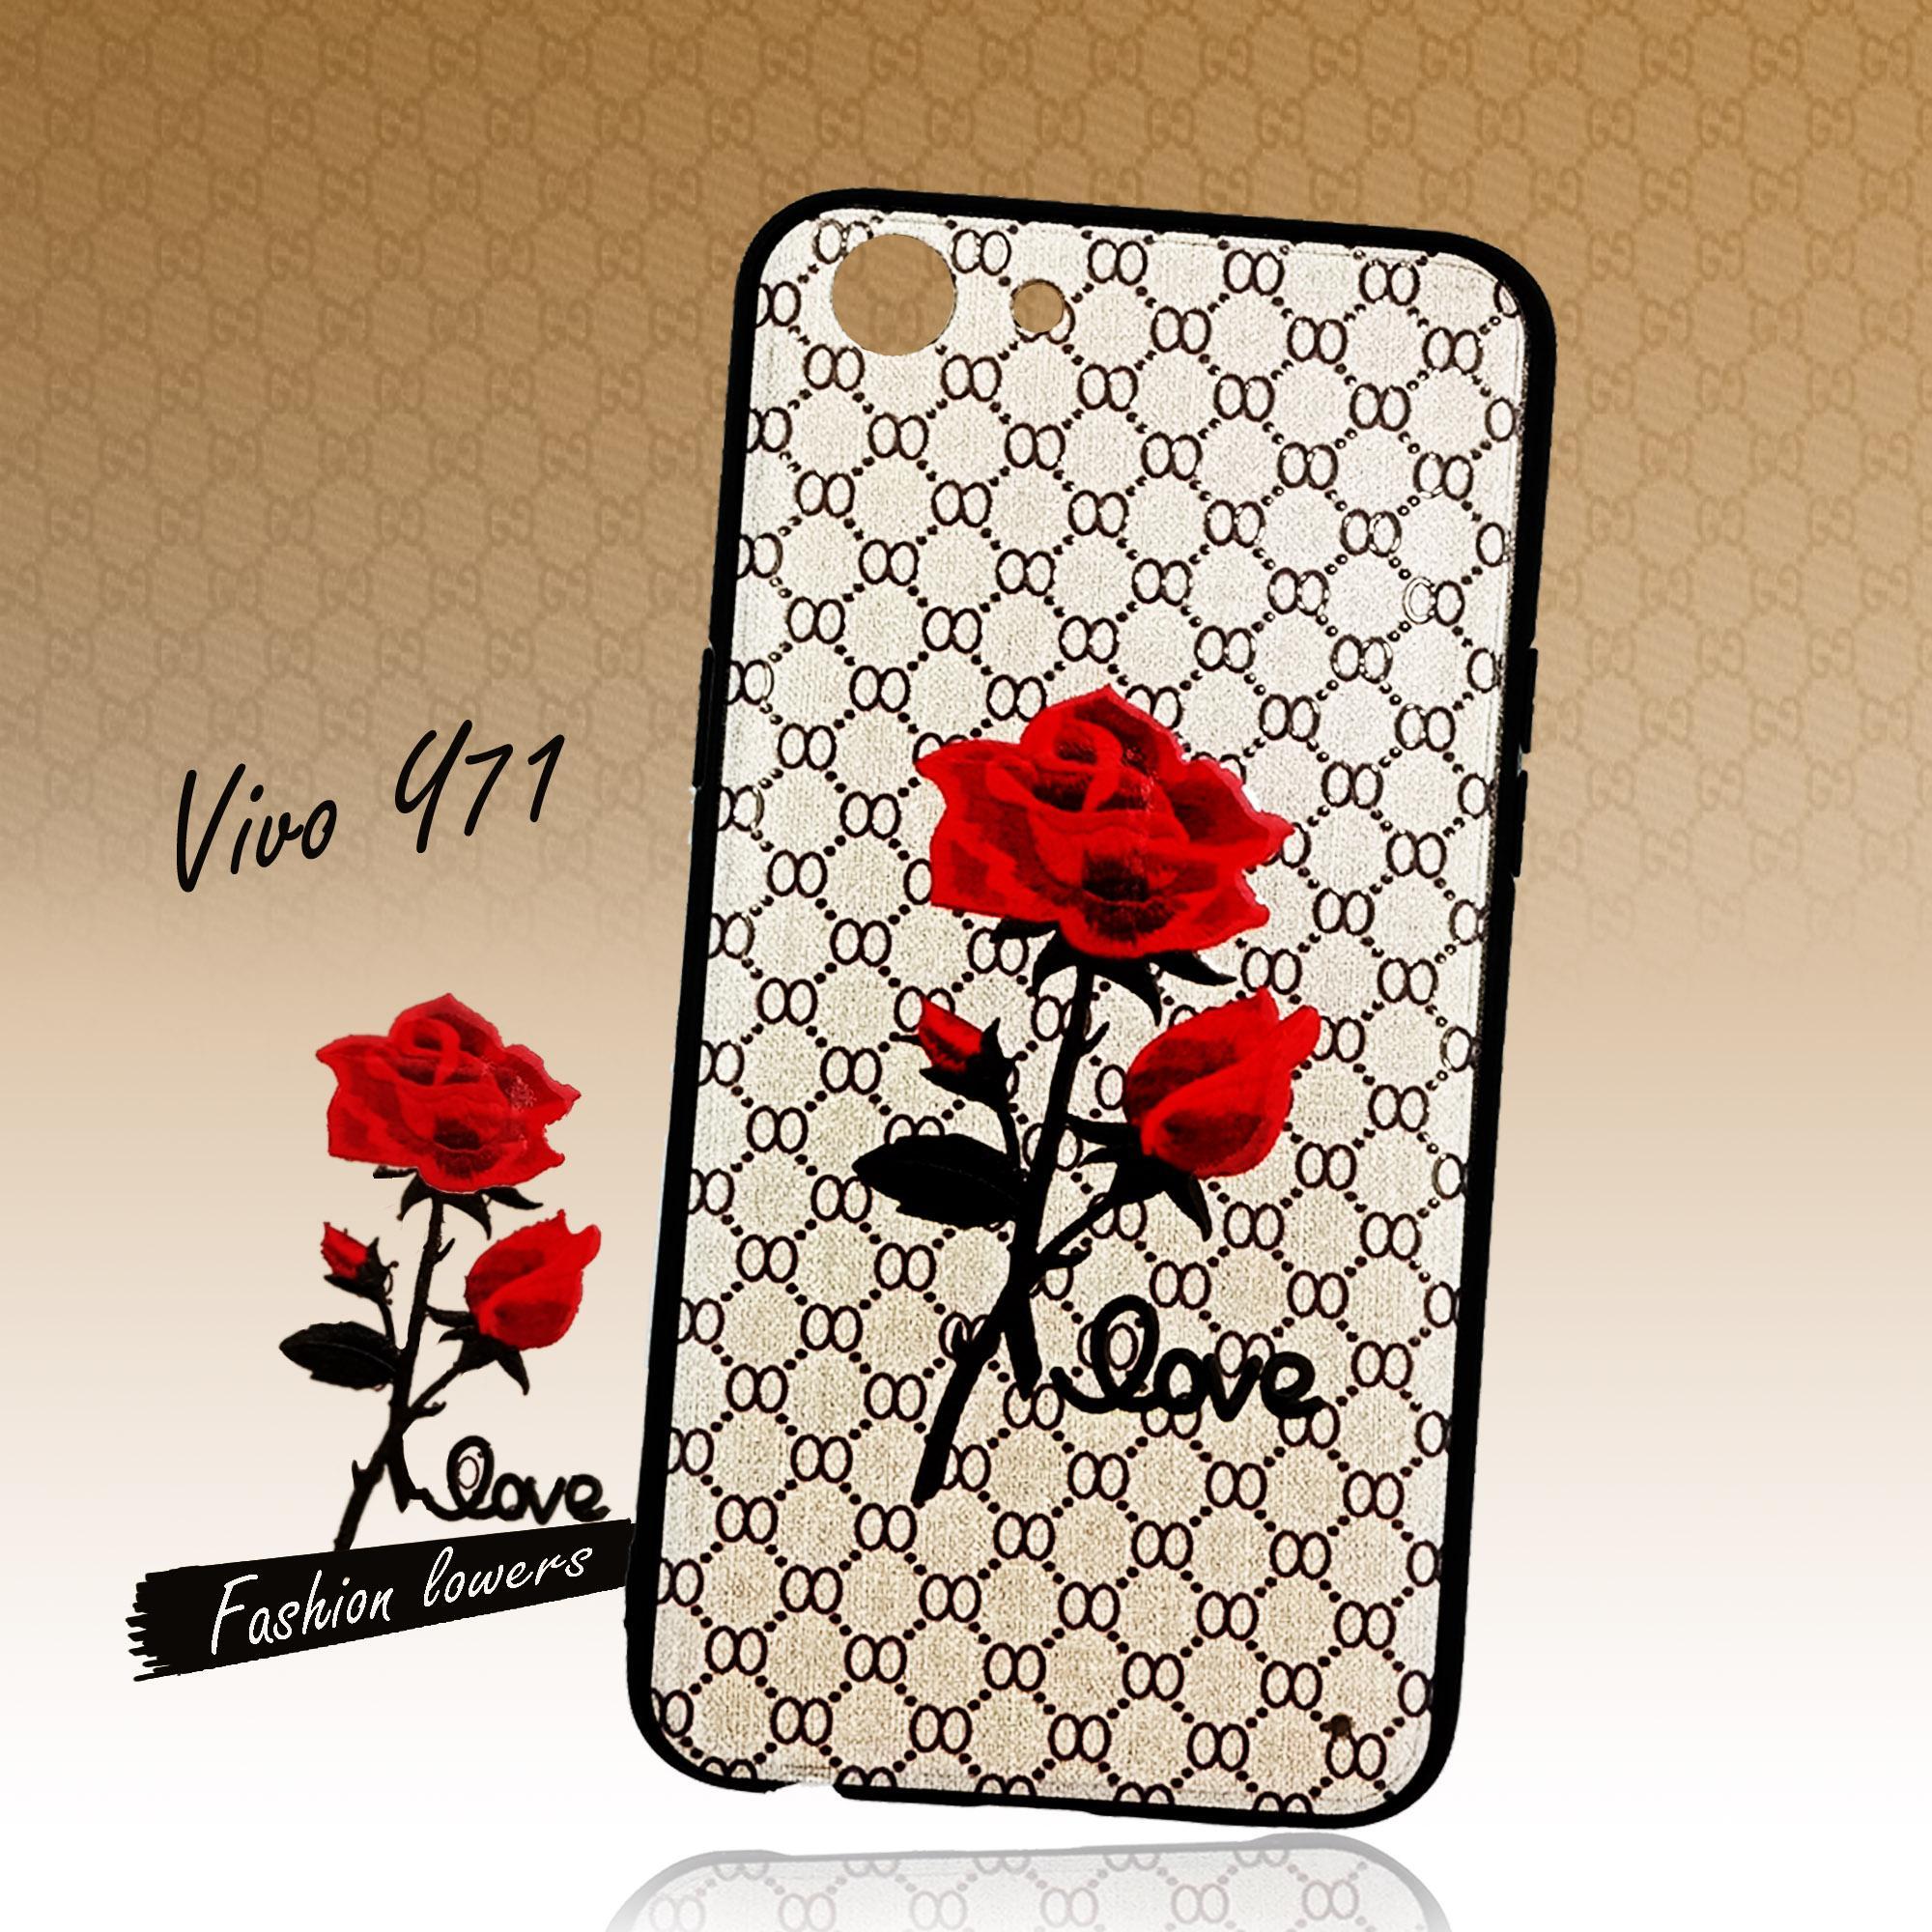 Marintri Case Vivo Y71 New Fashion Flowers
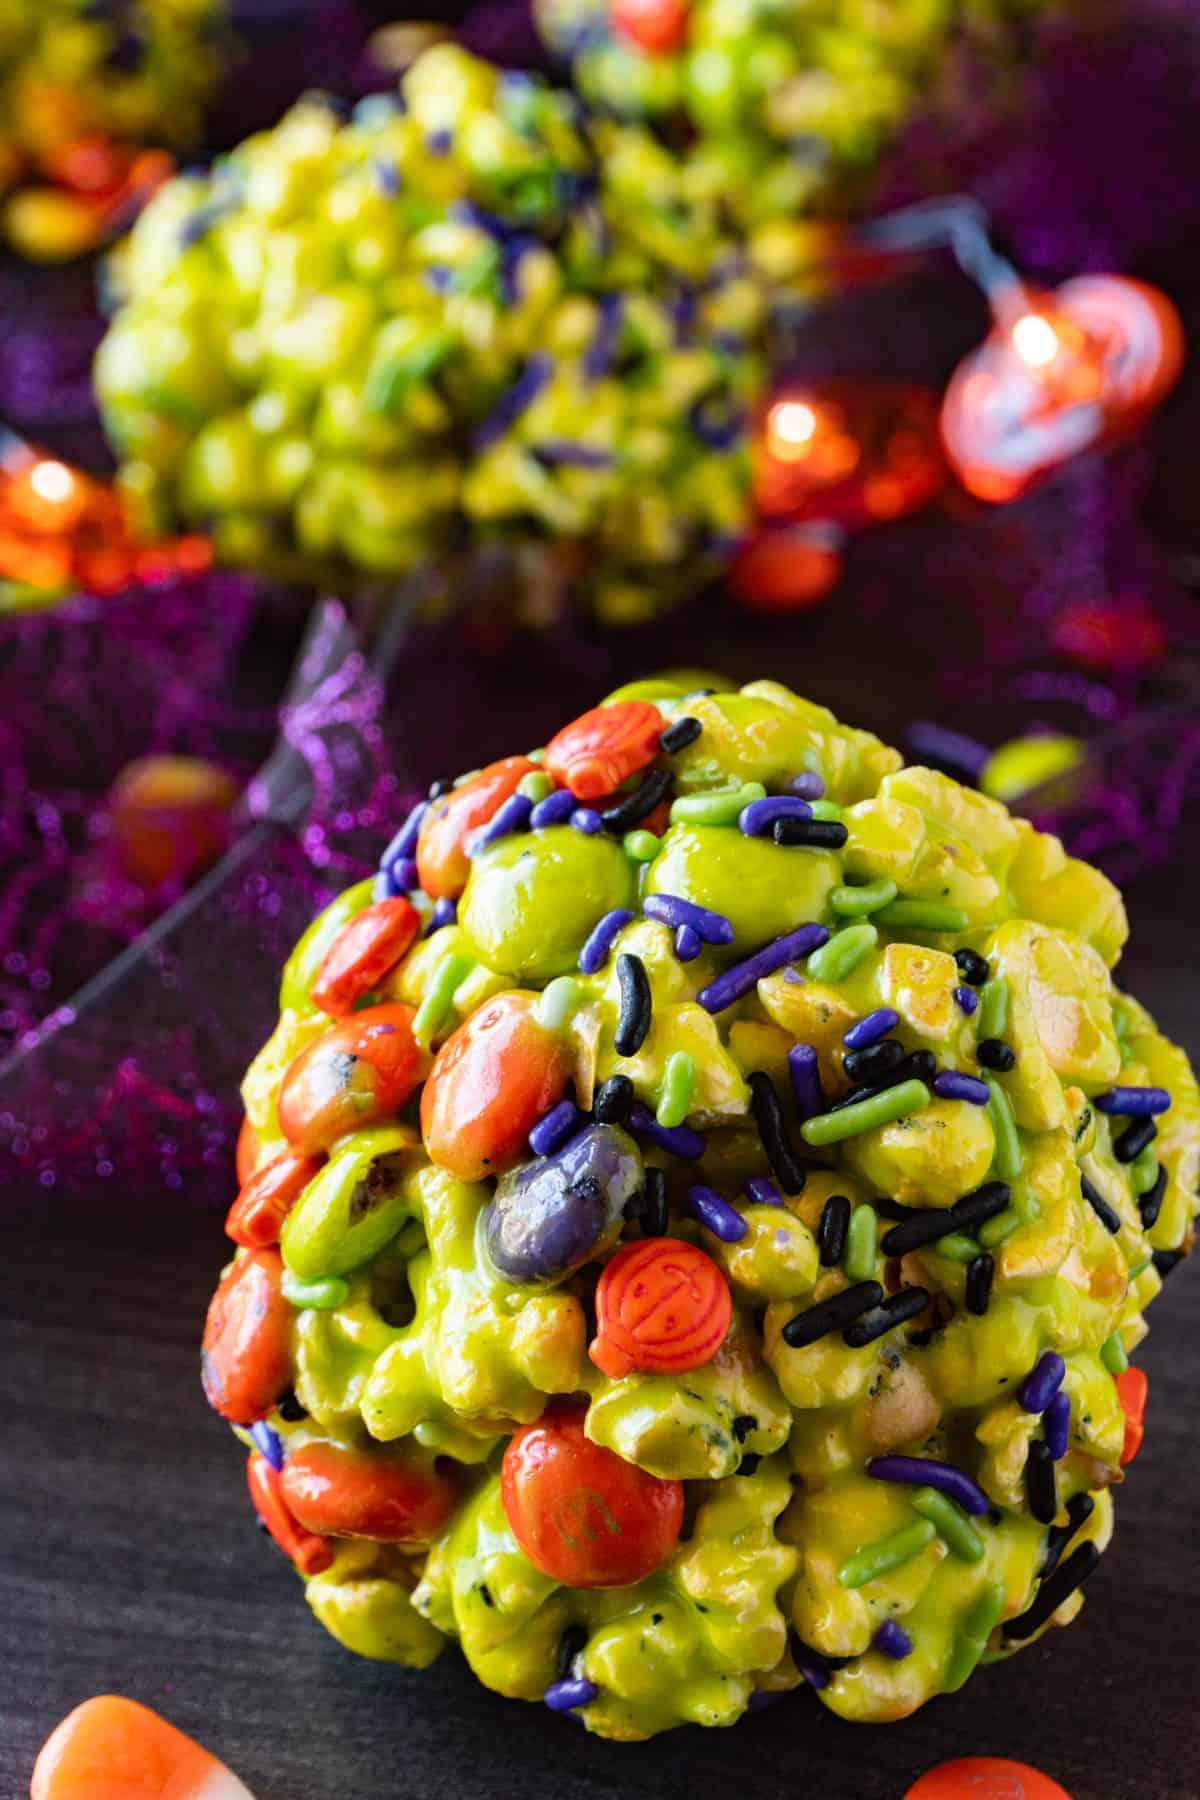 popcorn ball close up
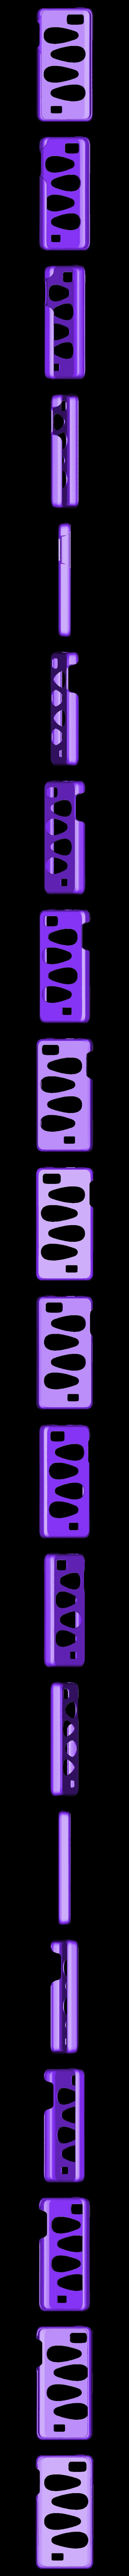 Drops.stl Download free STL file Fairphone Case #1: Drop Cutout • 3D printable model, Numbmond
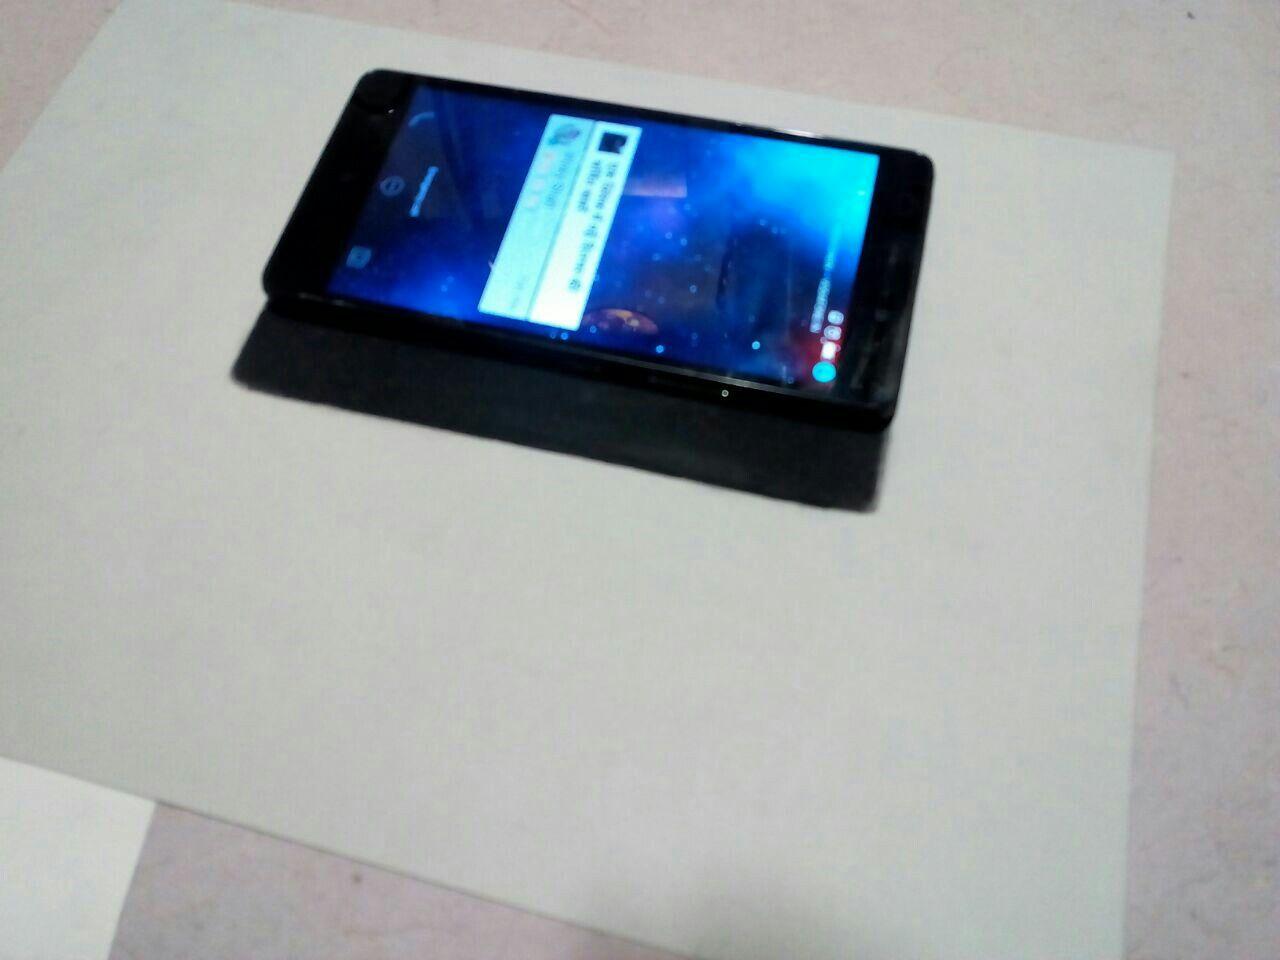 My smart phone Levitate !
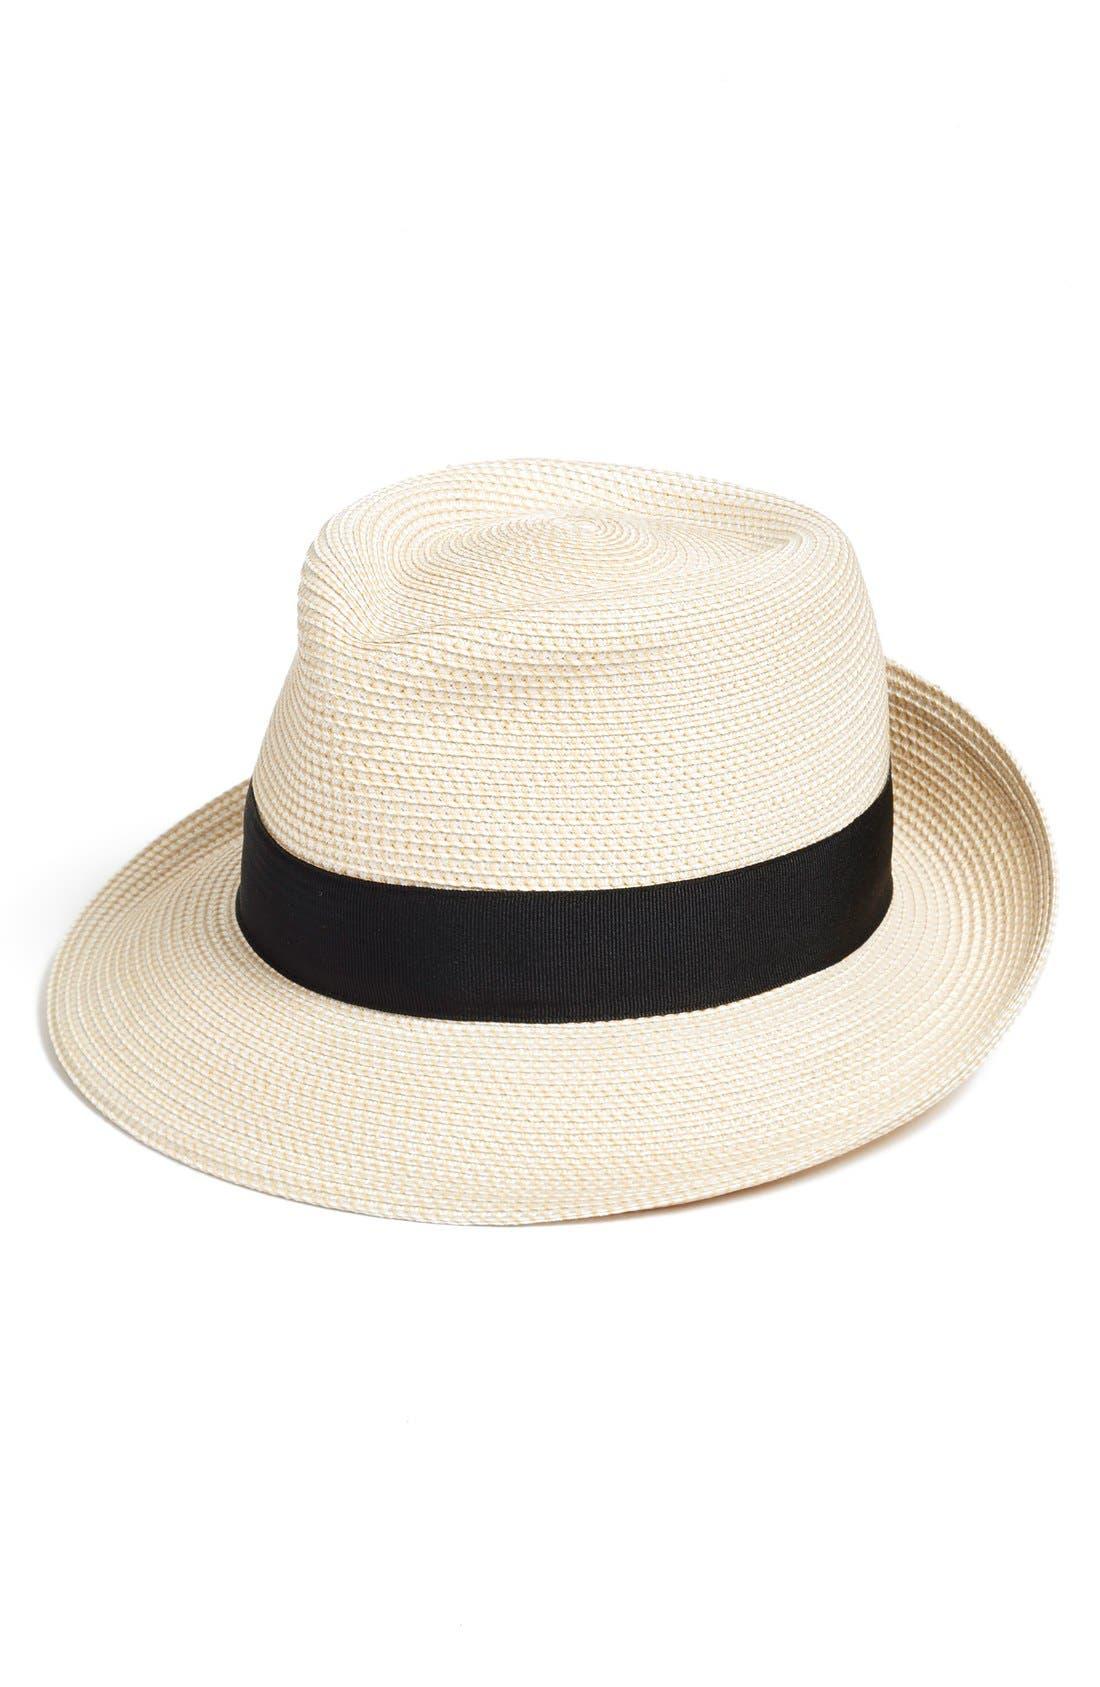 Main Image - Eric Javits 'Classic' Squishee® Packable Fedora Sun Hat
#####
▶ Exercise requirements: Could you repeat every record exactly as written, with the pictures left out?

▶ Exercise output:
 Marintri Case Vivo Y71 New Fashion Flowers
 popcorn ball close up
 Drops.stl Download free STL file Fairphone Case #1: Drop Cutout • 3D printable model, Numbmond
 My smart phone Levitate !
 Main Image - Eric Javits 'Classic' Squishee® Packable Fedora Sun Hat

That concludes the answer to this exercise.